Your application is growing. It has more active users, more features, and generates more data every day. Your database is now becoming a bottleneck for the rest of your application. Database sharding could be the solution to your problems, but many do not have a clear understanding of what it is and, especially, when to use it. In this article, we’ll cover the basics of database sharding, its best use cases, and the different ways you can implement it.
Jump to:
- What is database sharding?
- Evaluating alternatives
- Advantages and disadvantages of sharding
- How does database sharding work?
- Sharding architecture and types
- FAQs
What is database sharding?
Sharding is a method for distributing a single dataset across multiple databases, which can then be stored on multiple machines. This allows for larger datasets to be split into smaller chunks and stored in multiple data nodes, increasing the total storage capacity of the system. See more on the basics of sharding here.
Similarly, by distributing the data across multiple machines, a sharded database can handle more requests than a single machine can.
Sharding is a form of scaling known as horizontal scaling or scale-out, as additional nodes are brought on to share the load. Horizontal scaling allows for near-limitless scalability to handle big data and intense workloads. In contrast, vertical scaling refers to increasing the power of a single machine or single server through a more powerful CPU, increased RAM, or increased storage capacity.
Do you need database sharding?
Database sharding, as with any distributed architecture, does not come for free. There is overhead and complexity in setting up shards, maintaining the data on each shard, and properly routing requests across those shards. Before you begin sharding, consider if one of the following alternative solutions will work for you.
Vertical scaling
By simply upgrading your machine, you can scale vertically without the complexity of sharding. Adding RAM, upgrading your computer (CPU), or increasing the storage available to your database are simple solutions that do not require you to change the design of either your database architecture or your application.
Specialized services or databases
Depending on your use case, it may make more sense to simply shift a subset of the burden onto other providers or even a separate database. For example, blob or file storage can be moved directly to a cloud provider such as Amazon S3. Analytics or full-text search can be handled by specialized services or a data warehouse. Offloading this particular functionality can make more sense than trying to shard your entire database.
Replication
If your data workload is primarily read-focused, replication increases availability and read performance while avoiding some of the complexity of database sharding. By simply spinning up additional copies of the database, read performance can be increased either through load balancing or through geo-located query routing. However, replication introduces complexity on write-focused workloads, as each write must be copied to every replicated node.

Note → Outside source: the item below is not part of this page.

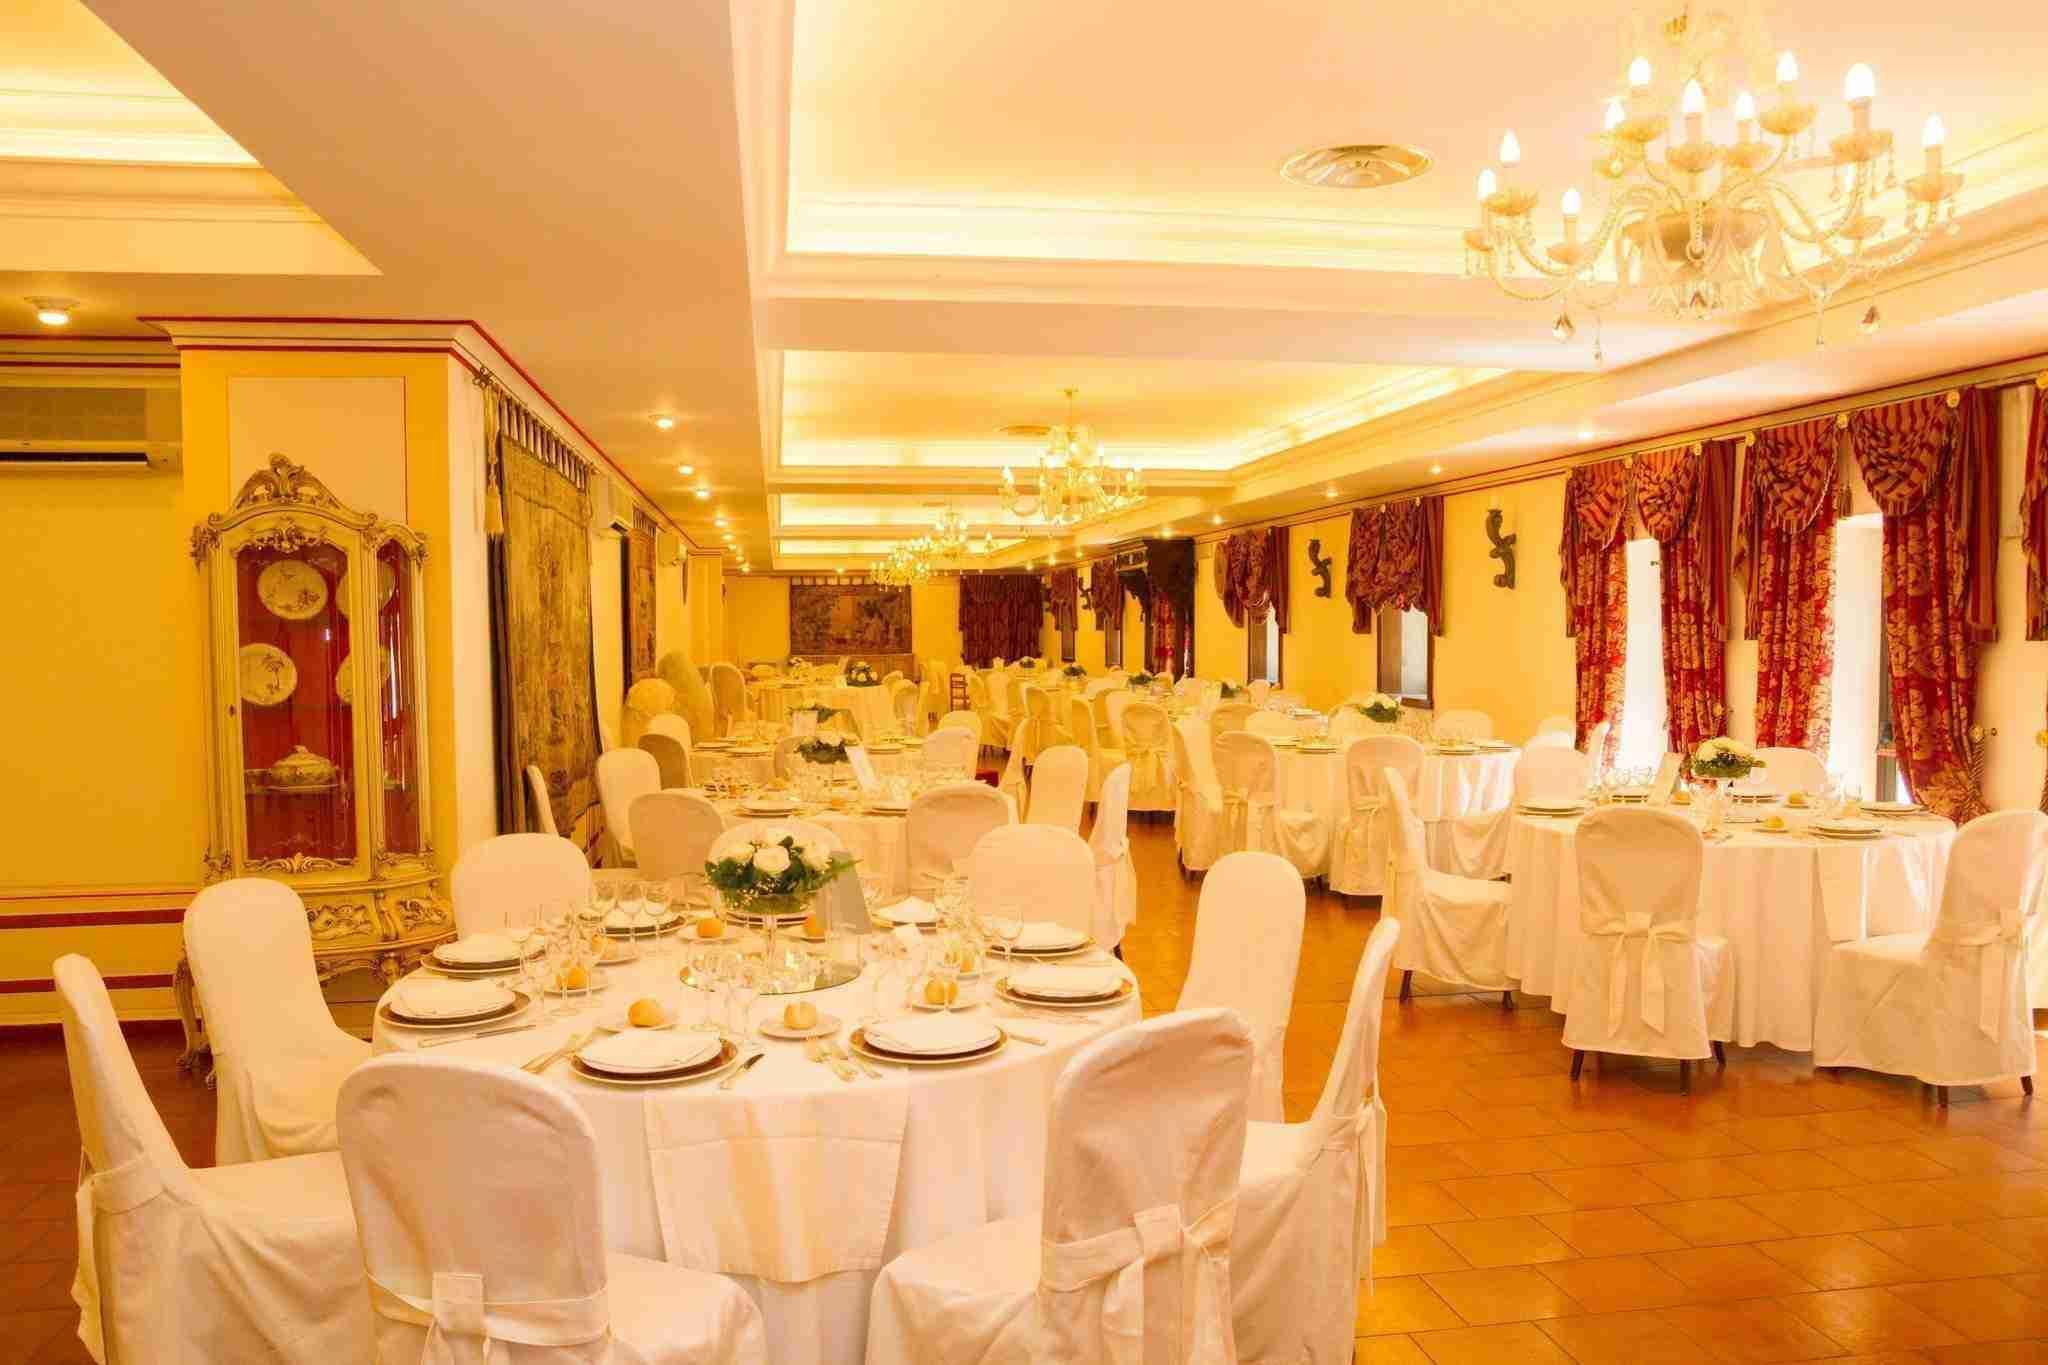 Villa per Matrimoni Cardinali - Sala Ricevimento

On the other hand, if your core application database contains large amounts of data, requires high read and high write volume, and/or you have specific availability requirements, a sharded database may be the way forward. Let’s look at the advantages and disadvantages of sharding.
Advantages of sharding
Sharding allows you to scale your database to handle increased load to a nearly unlimited degree by providing increased read/write throughput, storage capacity, and high availability. Let’s look at each of those in a little more detail.
- Increased read/write throughput — By distributing the dataset across multiple shards, both read and write operation capacity is increased as long as read and write operations are confined to a single shard.
- Increased storage capacity — Similarly, by increasing the number of shards, you can also increase overall total storage capacity, allowing near-infinite scalability.
- High availability — Finally, shards provide high availability in two ways. First, since each shard is a replica set, every piece of data is replicated. Second, even if an entire shard becomes unavailable since the data is distributed, the database as a whole still remains partially functional, with part of the schema on different shards.
Disadvantages of sharding
Sharding does come with several drawbacks, namely overhead in query result compilation, complexity of administration, and increased infrastructure costs.
- Query overhead — Each sharded database must have a separate machine or service which understands how to route a querying operation to the appropriate shard. This introduces additional latency on every operation. Furthermore, if the data required for the query is horizontally partitioned across multiple shards, the router must then query each shard and merge the result together. This can make an otherwise simple operation quite expensive and slow down response times.
- Complexity of administration — With a single unsharded database, only the database server itself requires upkeep and maintenance. With every sharded database, on top of managing the shards themselves, there are additional service nodes to maintain. Plus, in cases where replication is being used, any data updates must be mirrored across each replicated node. Overall, a sharded database is a more complex system which requires more administration.
- Increased infrastructure costs — Sharding by its nature requires additional machines and compute power over a single database server. While this allows your database to grow beyond the limits of a single machine, each additional shard comes with higher costs. The cost of a distributed database system, especially if it is missing the proper optimization, can be significant.
Having considered the pros and cons, let’s move forward and discuss implementation.
How does sharding work?
In order to shard a database, we must answer several fundamental questions. The answers will determine your implementation.
First, how will the data be distributed across shards? This is the fundamental question behind any sharded database. The answer to this question will have effects on both performance and maintenance. More detail on this can be found in the “Sharding Architectures and Types” section.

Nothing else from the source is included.